A simply newbie question about ndiff

Sun Apr 28 21:49:25 EDT 2002

[Neville Franks]
> Well believe it or not but there are quite a few people using ED that
> have source files in excess of 70K [lines]. Not something I would
> advocate but ...
>
> On a more serious note I do have folks who compare large'ish data
> (ascii text) files. These are typically dumps of some sort. Apart from
> being large they can also get less than optimal results as they can
> have large numbers of repeated lines which throws my diff out.

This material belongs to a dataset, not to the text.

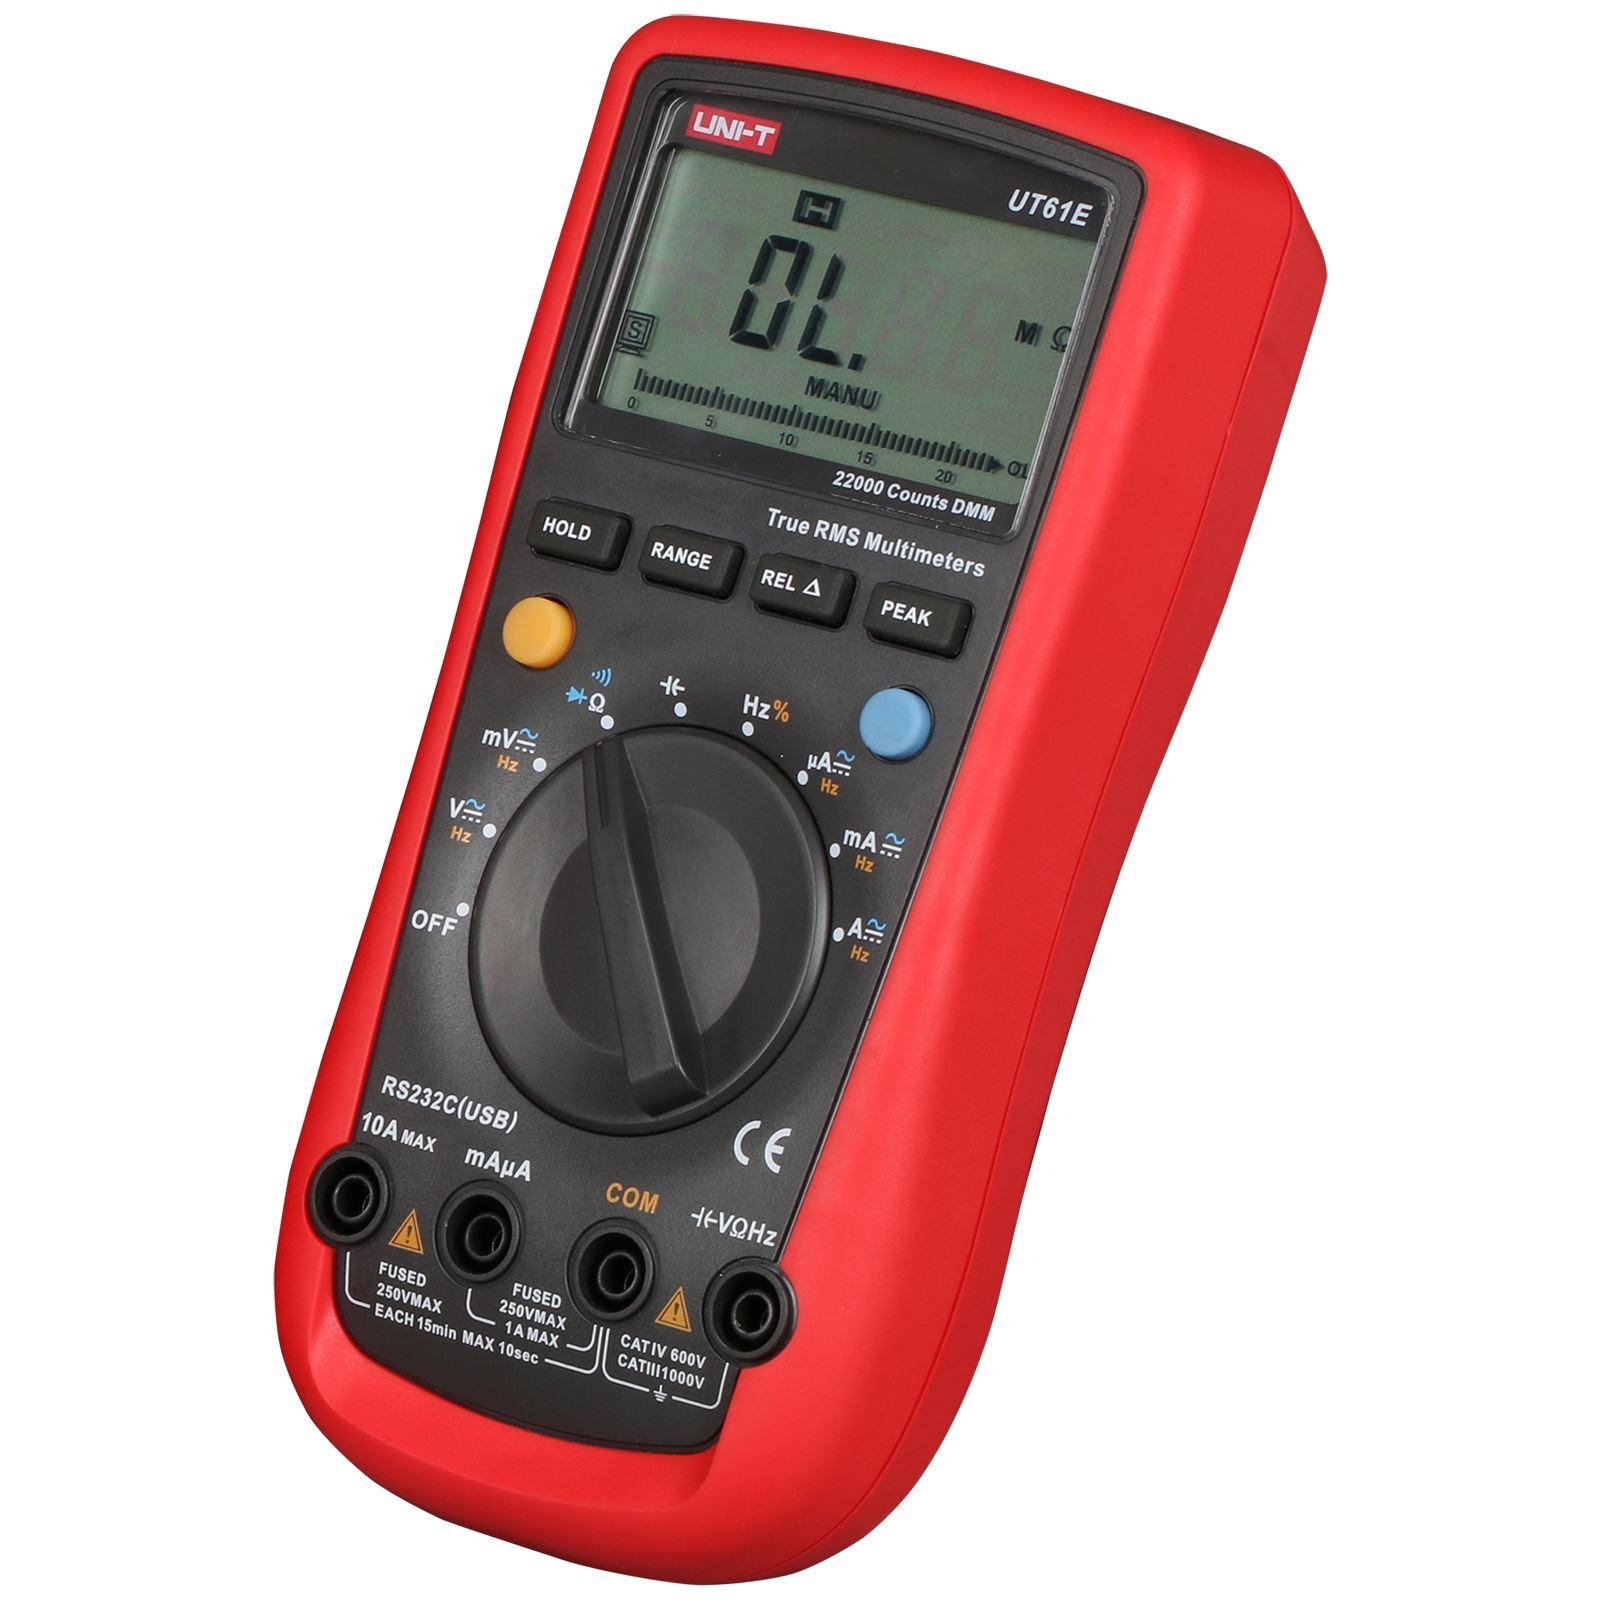 UNI-T Tester Digital Multimeter Profesional UT61E True RMS Auto Range Temperature Voltage Ammeter Count 6000 DC AC Capacitor

I just checked in a new version of difflib.py's SequenceMatcher class that
does a dynamic analysis of which elements are so frequently repeated as to
constitute noise.  The innermost matching loop can skip those at first, and
that can yield an enormous speedup.  It looks much more effective than the
current IS_LINE_JUNK gimmick.  For example, I took a 100K-line C source
file, made a copy, changed a line in the middle, and it took less than 15
seconds to do the get_opcodes() bit, including the time to read the files
and break them into lines.  I still doubt it would be a heck of a lot faster
in C++, because this mostly exercises the speed of dicts, and Python's
string dicts are extremely efficient.  I can easily imagine it running much
slower in C++, though!

> I've organized a copy of ED for you to play with and would be
> interested to hear what you think of it's Diff capabilities. ED
> doesn't have Python support just yet, but it is planned. It does
> support some 34+ languages though. A Free Trial is available at
> www.getsoft.com for anyone else who may be interested.

Thanks!  I got around to grabbing a copy last night but haven't had time to
play with it yet.  I can testify that it installed without a hitch <wink>.